Бесценный символ | страница 16
Он целовал ее так, как если бы брал то, что принадлежит ему по праву, и требовал все большего, сила его страсти сокрушала все. Но он не причинял ей больше боли. В глубине души она была удивлена этим, потому что он легко мог бы сделать ей больно и, казалось, был склонен к этому.
Внезапно Энтони поднял голову и сказал хриплым шепотом:
— Посмотри на меня.
Стефани с трудом заставила себя открыть глаза. Она задыхалась, голова у нее кружилась, тело трепетало, и она поняла, что упала бы, если бы он не держал ее так крепко.
— Я мог бы взять тебя прямо сейчас, — сказал он. — Мог швырнуть на пол, и через пять минут ты бы просила меня, чтобы я взял тебя. Я наслаждался бы каждой минутой, глядя, как ты сходишь с ума от вожделения настолько, что ничего больше не имеет для тебя значения. Придет время, и ты узнаешь, что значит попасть в рабство к кому-либо.
Она даже не могла обвинить его в высокомерии или тщеславии: ее ответная реакция была мгновенной и полной, и они оба знали, что она была не в силах побороть ее. Жар внутри нее угас, оставив озноб, ее руки бессильно опустились, когда он грубо оттолкнул ее от себя. Она почувствовала сзади себя край письменного стола и оперлась на него, потому что ноги не держали ее. Она подумала, что он глядит на нее, как кот на мышь, с которой собирается поиграть перед тем, как убьет.
— На этот раз ты не сбежишь, Стефани, — предупредил он почти небрежно. — Я догоню тебя.
Она хотела закричать: «Я ранила лишь твою гордость, но не твое сердце, зачем ты поступаешь со мной так?» Но она не была больше в этом уверена. То, что жило в его сердце, должно было иметь корни не только в раненой гордости, ненависть приходит только тогда, когда чувства задеты слишком глубоко.
Не в состоянии сказать ни слова, она смотрела, как он отвернулся от нее и направился к двери. Она снова полностью владела собой, ее эмоции и переживания снова были скрыты под элегантной, блестящей внешней оболочкой. Как будто ее — настоящей — и не было вовсе. Он не сказал «до свидания» и даже не взглянул на нее, просто вышел из комнаты, закрыв за собой дверь.

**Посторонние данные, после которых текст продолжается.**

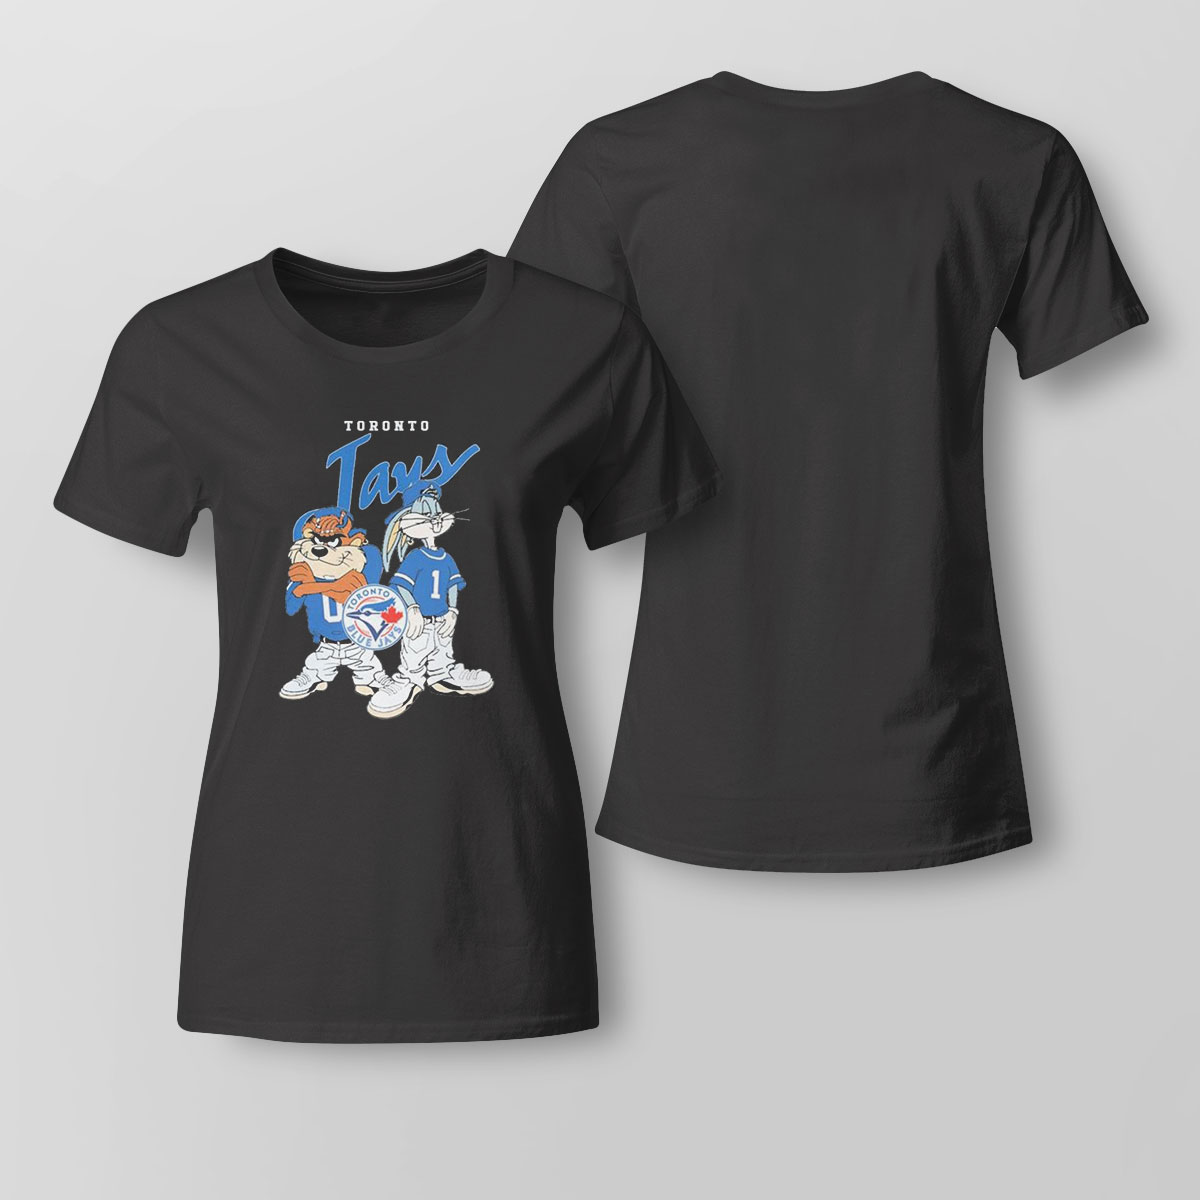 Looney Tunes Toronto Blue Jays T-shirt
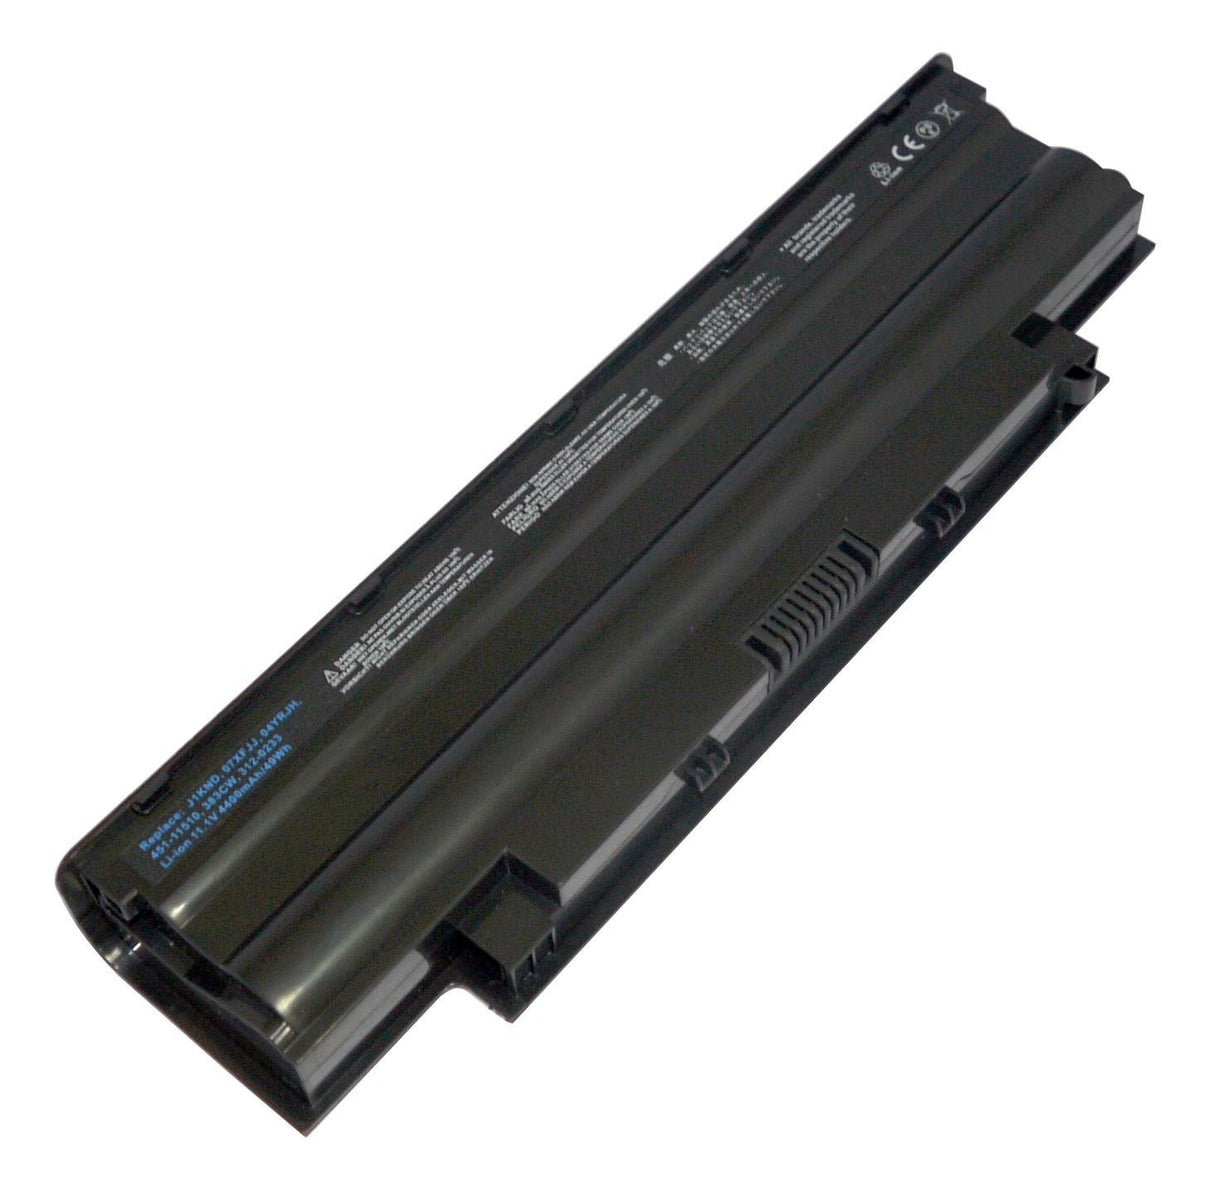 Bateria Compatível para Dell Inspiron 13R 14R 15R 17R 04YRJH 06P6PN 312-0233 5200mAh - Multi4you®

Минуту спустя Стефани оторвалась от письменного стола, подошла к стулу и села, невидящим взглядом уставившись на книги, карты, записки, лежащие на столе. Как гласит пословица, «дорога в ад вымощена благими намерениями». Ее намерения десять лет назад были, вероятно, эгоистичными и, в конце концов, глупыми, но не преднамеренно жестокими, и мотивированы они были детскими страхами и смущением восемнадцатилетней девушки. Она была одержима Энтони, как только это возможно в юности, ее чувства были болезненной путаницей любви, страха, неуверенности и ощущения своей собственной ничтожности.